Другое дело — военные рассказы. В 90-е годы позапрошлого века они до смерти пугали чопорных калифорнийцев фигурами какого-то странного, еще незнакомого литературе кошмара, совсем не готического, а почти бытового, но при этом не менее чудовищного. Да и у многих из нас, видавших виды, переживших в уютных креслах кинозалов голливудскую индустрию возвышенного ужаса, рассказы Бирса могут вызвать оторопь. Точнее. невозможную иллюзию погружения в самое сердце тьмы и липкого страха, где пресекается всякая членораздельная речь и заканчиваются детские игры в искусство. Амброз Бирс предугадал все возможные изводы, силовые линии американской военной прозы ХХ века. Не случайно каждое новое поколение писателей о войне, начиная с современников Хемингуэя, всякий раз заново переоткрывало Бирса. Он неизменно оказывался актуальным, созвучным, казалось бы совершенно новой интонации и новому чувству жизни.
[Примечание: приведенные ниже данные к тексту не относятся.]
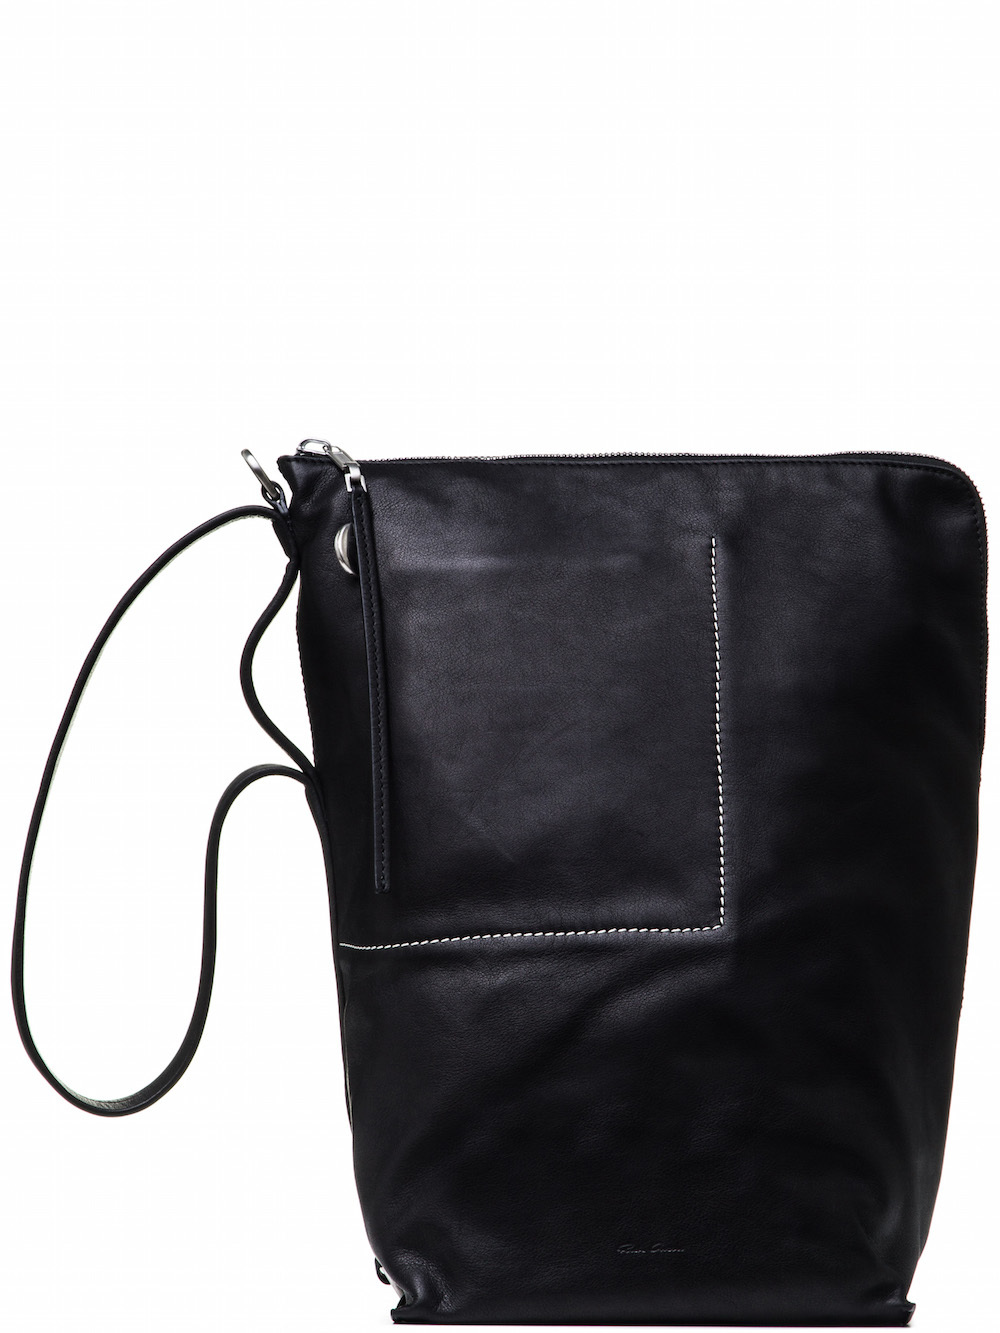 RICK OWENS BUCKET BAG IN BLACK CALF LEATHER

В настоящем эссе я попытаюсь проанализировать два самых известных рассказа Бирса «Случай на мосту через Совиный ручей» и «Чикамога». И рассмотреть их в контексте общего представления писателя о мире, о судьбе и о человеке.

Выходец из фермерского захолустного Огайо, Амброз Бирс уже в 80-е годы ураганом ворвался в безмятежный мир Сан-Франциско. Энергично трудясь на ниве журналистики, ведя постоянные колонки в модных еженедельниках, он снискал себе славу интеллектуального деспота, законодателя литературных вкусов, поэта со свифтовским темпераментом, дерзкого разоблачителя политических демагогов и коррупционеров. К этому моменту за плечами Бирса уже были и гражданская война — он служил в пехоте северян, и журналистская работа сначала в Англии, потом в США, и многолетняя весьма интенсивная литературная деятельность. 80-е и 90-е годы, проведенные в Калифорнии, стали для него, пожалуй, самыми продуктивными. Он опубликовал два сборника рассказов: «В гуще жизни» (1891) и «Может ли это быть» (1893), роман, написанный в соавторстве, сборник сатирических стихов и несметное количество очерков. В Вашингтоне, куда Бирс перебирается в начале 90-х, его талант, по единодушному суждению биографов, начинает заметно остывать. Проза Бирса теряет остроту и былой накал.

Обстоятельства гибели Бирса, точнее, его исчезновения стали одной из загадок американской литературной истории и обросли бесконечными художественными домыслами, как это в подобных случаях водится. В 1913 году Бирс едет на юг США посетить места былых сражений, вероятно, чтобы предаться воспоминаниям или, что скорее всего, собрать материал для новых текстов. А затем отправляется в вечно неспокойную Мексику, где в тот момент полыхает гражданская война. Здесь его следы окончательно теряются. Известно лишь, что 26 декабря 1913 года Бирс пишет свое последнее письмо, уведомляя адресата, что он «устремляется в неизвестном направлении». Каким именно было это направление, остается только гадать. Бирс «пропал без вести», повторив судьбу персонажа одного из своих лучших рассказов.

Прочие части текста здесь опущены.